– Да гори ты в аду! Меня уже тошнит от твоей…

Старый схватил меня за ворот и развернул к себе, так что теперь мы смотрели друг другу прямо в глаза.

– Я сказал: закрой рот.

За долгие годы мне не раз хотелось залепить Густаву, но никогда не хватало злости… до этого момента. Я уже сжал кулак и собирался врезать ему сбоку по черепу, когда братец заговорил снова. И его слова мгновенно охладили мой пыл.

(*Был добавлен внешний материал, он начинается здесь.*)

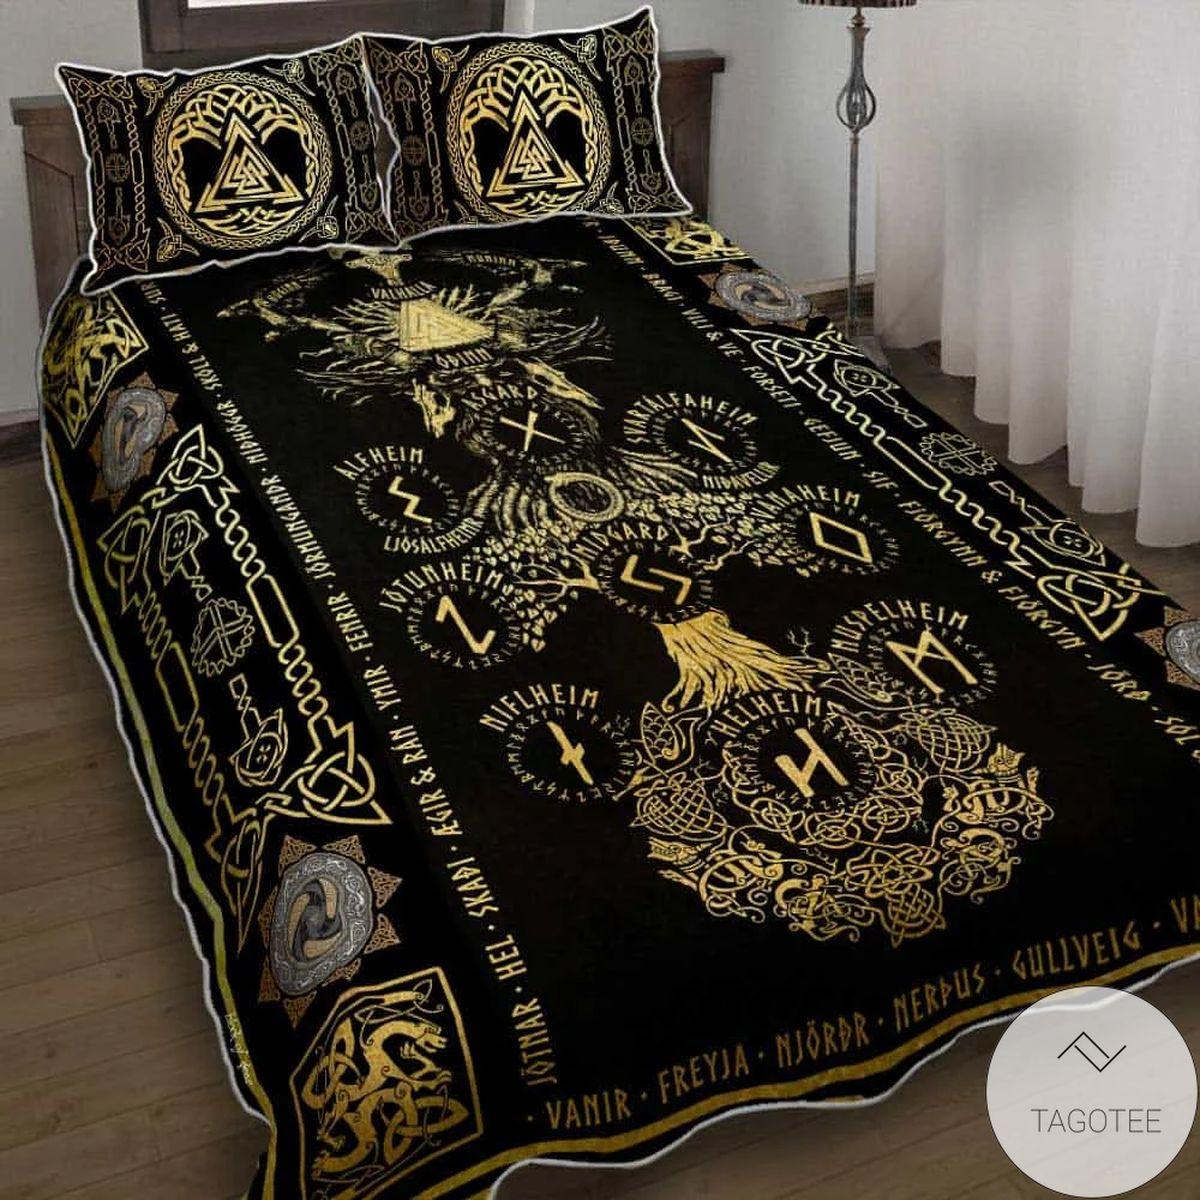 Yggdrasil Viking Odin Valhalla Tree Of Life Quilt Bedding Set

– Черт тебя дери, братишка, неужели не допер? Осторожнее надо, – прошептал он. – Один из осиногнездовцев – доносчик.

Глава девятая

Лошадиное чутье,

или Улика ускакала прямо у нас из-под носа

Каким-то образом осиногнездовцам удалось проработать еще два часа, не обменявшись и двумя десятками слов. Слышалось лишь «давай следующего» или «тавро сюда». Наверное, большинство парней чувствовали себя виноватыми, что не вступились за Мизинчика, а я пытался определить, кто же из них не чувствует вины.

До меня сразу дошло, что Старый прав насчет доносчика. Конечно, по красным глазам и хмельному запаху можно было легко догадаться, кто именно дорвался ночью до запасов спиртного в замке, но откуда бы Паук узнал, что Мизинчик «болтливый баламут», если Макферсонам не передали наш разговор за завтраком. А значит, кто-то донес.

Проще всего было бы указать пальцем на Шведа. Он работал на ранчо еще до нас и вполне мог бы сбегать к Ули, как только мы направились на работу. Но если учесть, что английский был для повара даже не вторым языком, а пятым или шестым, с трудом верилось, что он годится на роль осведомителя. Так как Мизинчик по очевидным причинам тоже исключался, как и мы с братом, под подозрение подпадали Дылда Джон, Глазастик, Всегда-Пожалуйста и Набекрень.

Увы, когда я припомнил все отлучки соседей за седлами и лошадьми, а также походы в сортир, то понял, что в то или иное время донести мог каждый из них. В конце концов я мысленно назначил главным подозреваемым Всегда-Пожалуйста на том зыбком основании, что он злобный сукин сын.

Несмотря на раздражение на брата – я все еще не смирился с тем, что мы остались в стороне, – в этот момент мне больше всего на свете хотелось узнать, что у Старого на уме. Но выяснить это не было никакой возможности, потому что мы таврили телят вместе с Глазастиком и Набекренем и оба постоянно крутились рядом. Я мучительно думал, как бы остаться с Густавом наедине, как вдруг братец вскрикнул: «Твою ж мать!» – и ухватился обеими руками за правую ногу.

Мы только что скрутили телку и, схватив ее за голову, завалили на бок – похоже, прямо Старому на ногу. Так как для ковбоя нет ничего забавнее, чем боль и унижение ближнего, при виде моего брата, с воем прыгающего на одной ноге, парни радостно заржали. Как обычно, Всегда-Пожалуйста первым подал голос:

– Сыровата кожа для сапога, куда ты торопишься!

– Точно! – крикнул Дылда Джон от костра, где он сменил Мизинчика. – В этом сапоге еще полно говядины!

– Ха-ха! – рявкнул в ответ Густав, делая нетвердый шаг к ограде. – Помоги-ка, брат.

Я обхватил его за плечи, и мы неуклюже заковыляли в дальний конец загона. Старый сел на землю и принялся стаскивать сапог.

– Вот черт, до чего же больно! – А потом, намного тише, брат добавил: – Давай быстрее: о чем ты хочешь спросить?

– Что?

Густав разулся и начал разглядывать пальцы ног, будто хотел убедиться, что все они на месте.

– Я же вижу, что ты вот-вот лопнешь от вопросов. Ну так валяй, спрашивай.

– То есть ты специально уронил телушку себе на ногу?

– Да не ронял я ее никуда. А теперь выкладывай. Не для того я старался, чтобы сидеть здесь и в ладушки играть.

Я издал тихое рычание. Даже идя мне навстречу, братец не мог обойтись без высокомерия.